|14 Live From Schenectady 1928
AS A TELEVISION show, it had a somewhat limited appeal. Live from General Electric's radio laboratories in Schenectady, New York, it's . . . a guy removing his glasses. And then putting them on again. Then blowing a smoke ring. So went the world's first television broadcast--into three homes. And yet on that January afternoon in 1928, GE's brilliant Swedish-born engineer, Ernst F.W. Alexanderson, laid the crude foundation of one of the most powerful, influential media in history.

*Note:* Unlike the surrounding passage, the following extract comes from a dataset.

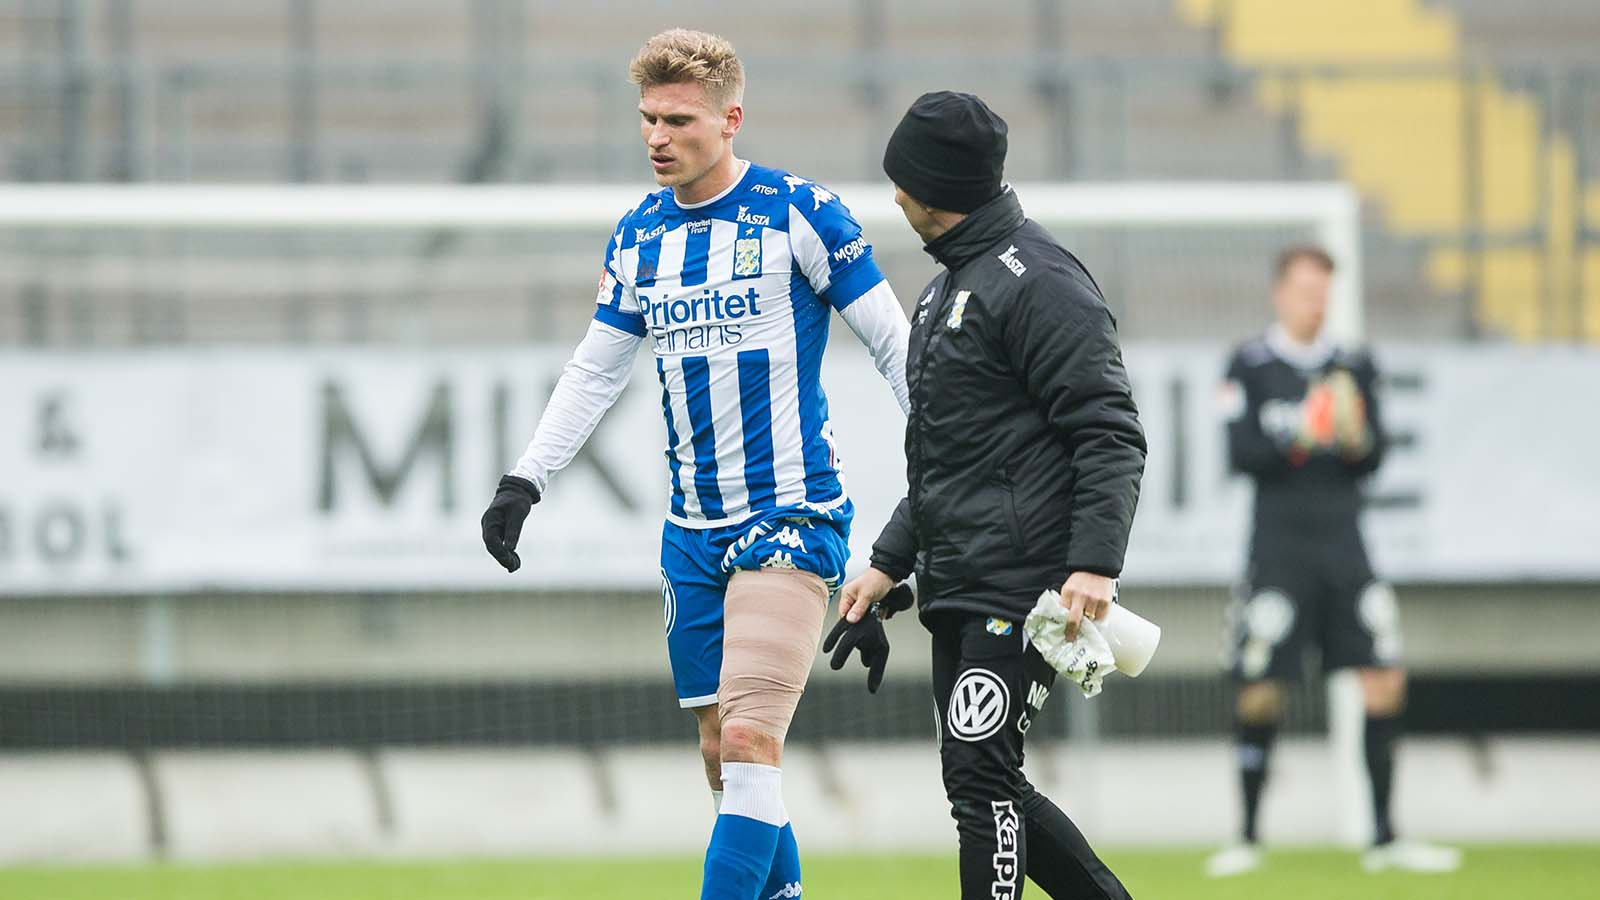 180324 IFK Göteborgs Carl Starfelt tvingas lämna med skada under en träningsmatch i fotboll mellan IFK Göteborg och Örgryte den 24 mars 2018 i Göteborg. Foto: Michael Erichsen / BILDBYRÅN / Cop 89

Ever since the launch of radio broadcasting in the early 1920s, the race had been on to combine and transmit sound with moving images. Two years before Alexanderson's demonstration, Scotsman John Logie Baird used a mechanical scanner to transmit a flickering image of a human head. But GE surpassed Baird's efforts. Four months after Alexanderson's transmission, the company was broadcasting images three times a week, and the basic elements of television were in place. Then in 1937 an electronic system employing the more sophisticated cathode-ray tube was adopted by the BBC in England. The broadcast of the 1947 World Series clinched television's growing importance. By the end of the 1950s, nearly 90 percent of U.S. homes could boast at least one TV set. The world no longer needed to be imagined--now it could be seen and heard. America had a new communal fireplace.